-------- DATA SECTION

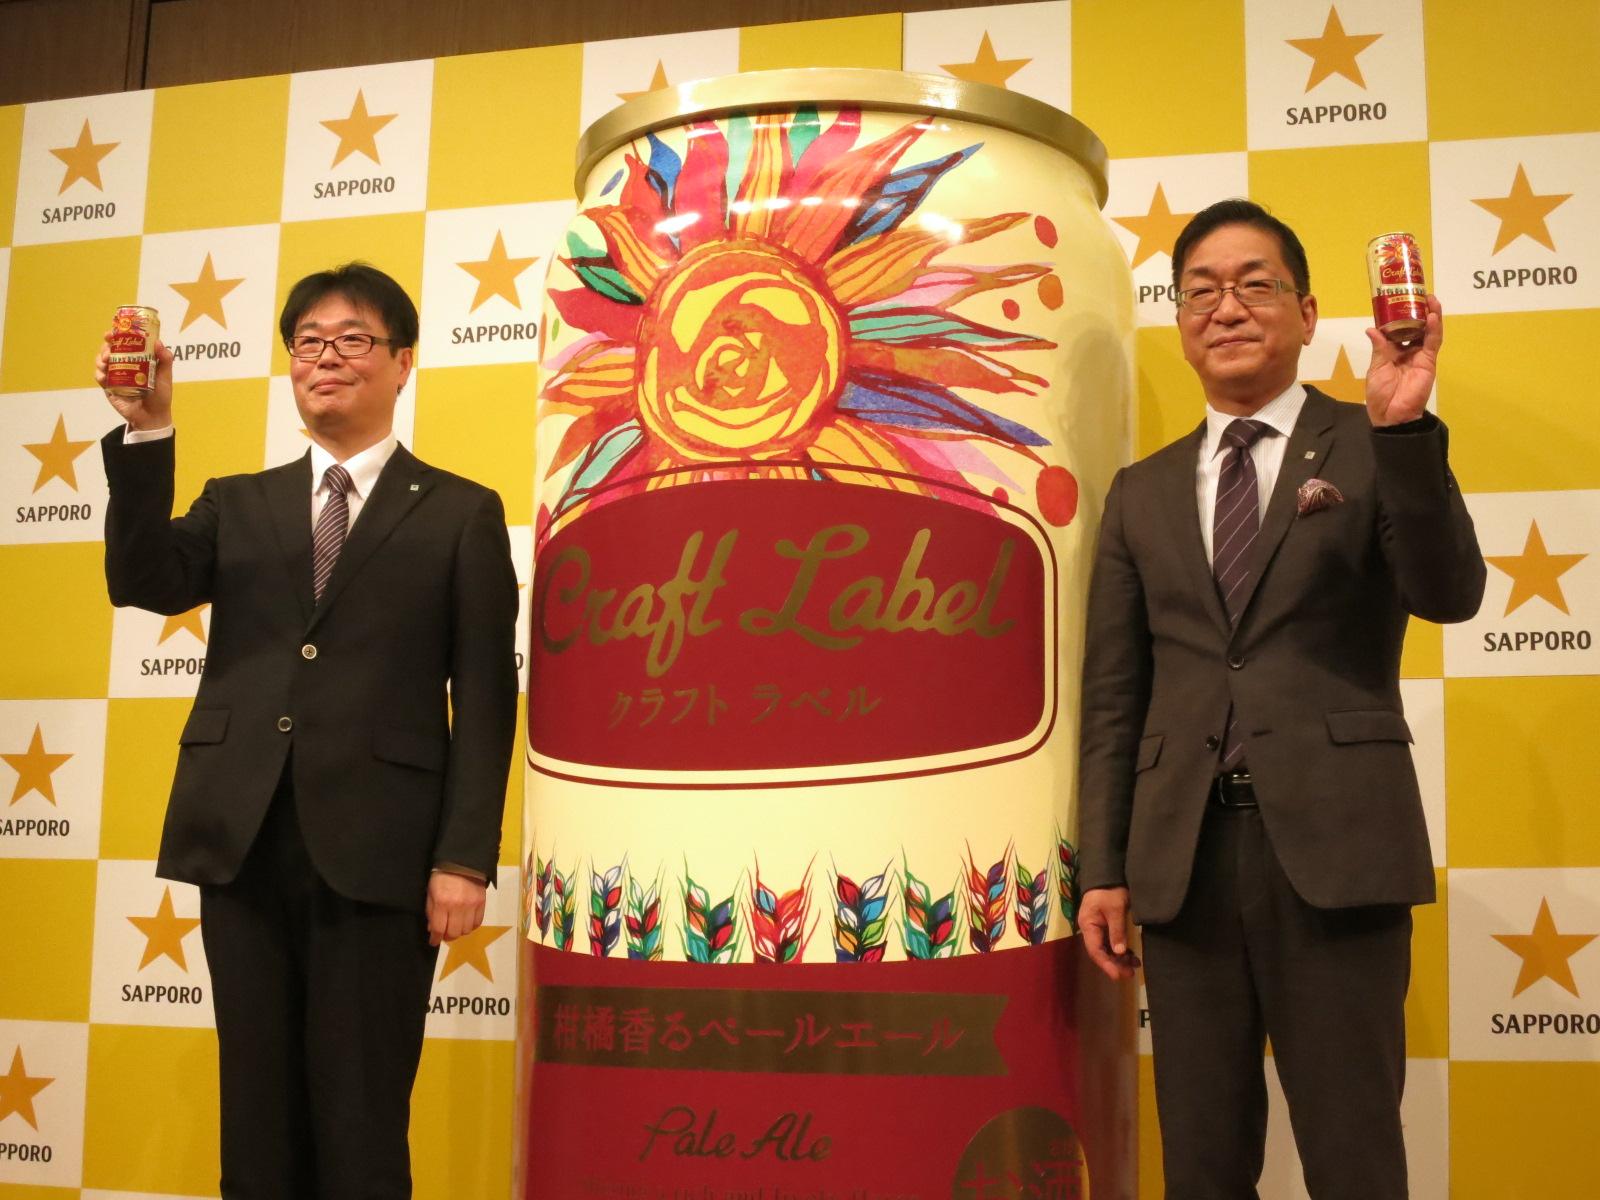 La brasserie Sapporo va se lancer dans la bière artisanale
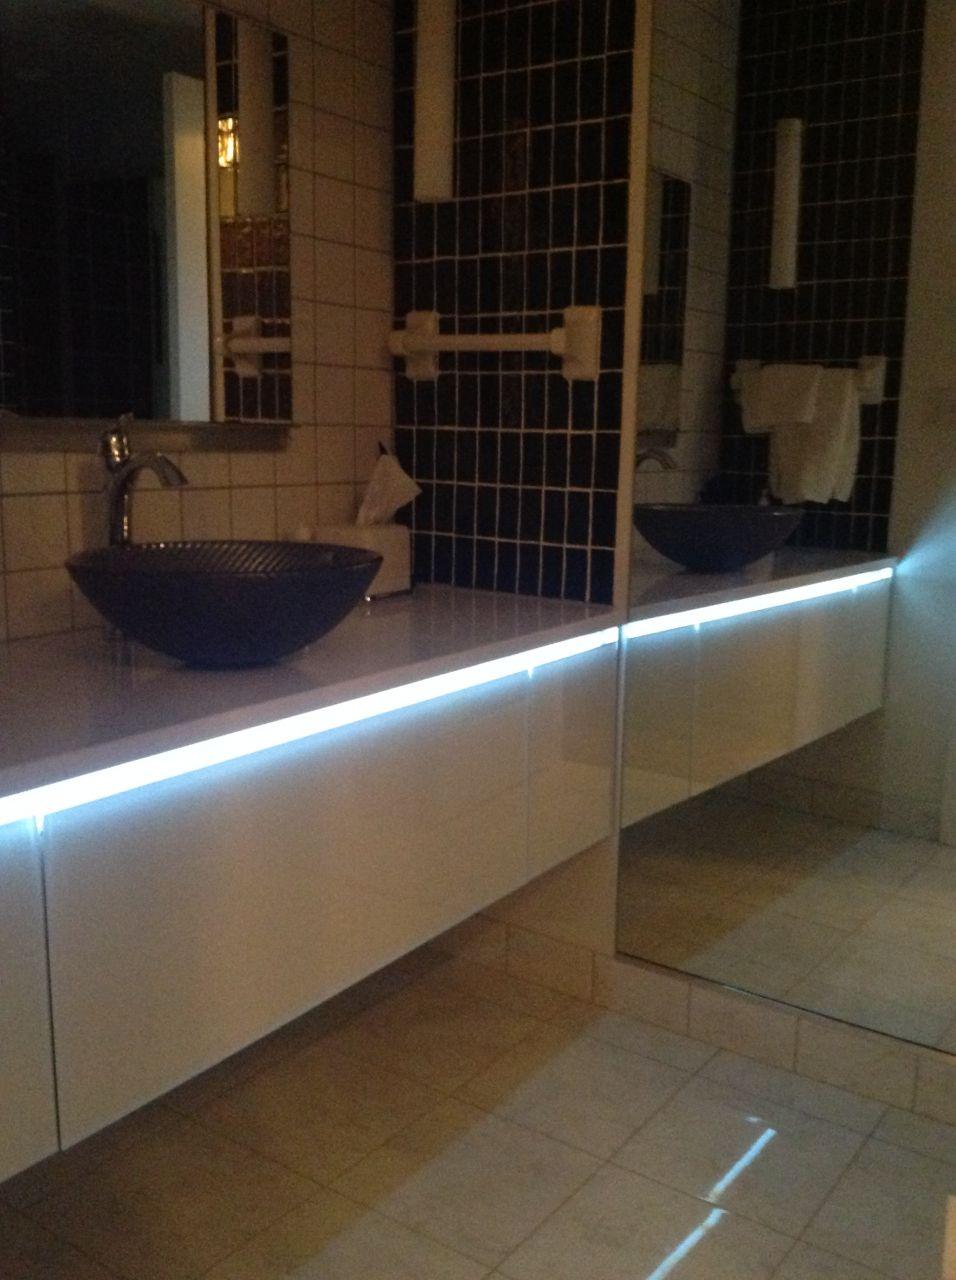 Robern bathroom vanities - Robern Wall Mounted Glass Door Cabinets With Led Lighting
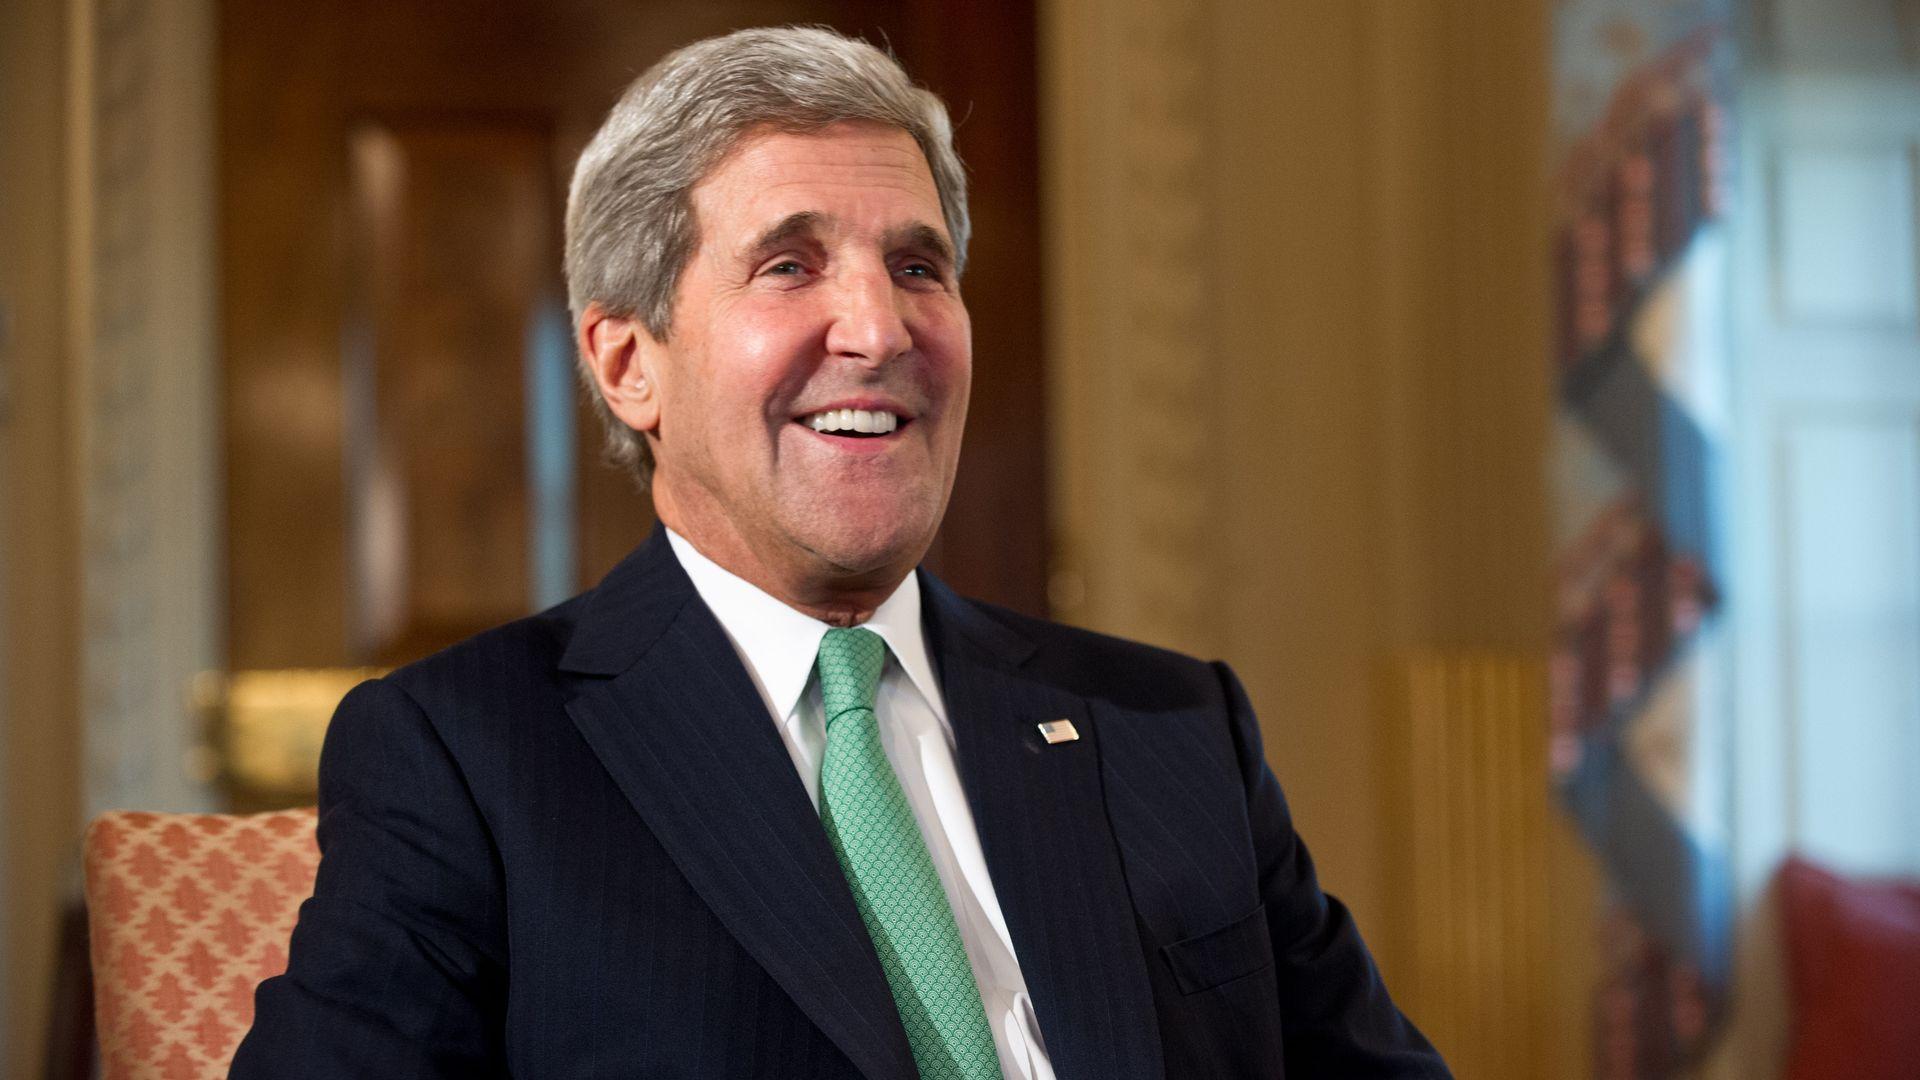 Trump's license plates and Roger Stone's handcuffs: John Kerry's best Alfalfa dinner jokes

----------------

> TRY IT
Omit any images, then output the listing exactly.

> RESULT
 La brasserie Sapporo va se lancer dans la bière artisanale
 Robern bathroom vanities - Robern Wall Mounted Glass Door Cabinets With Led Lighting
 Trump's license plates and Roger Stone's handcuffs: John Kerry's best Alfalfa dinner jokes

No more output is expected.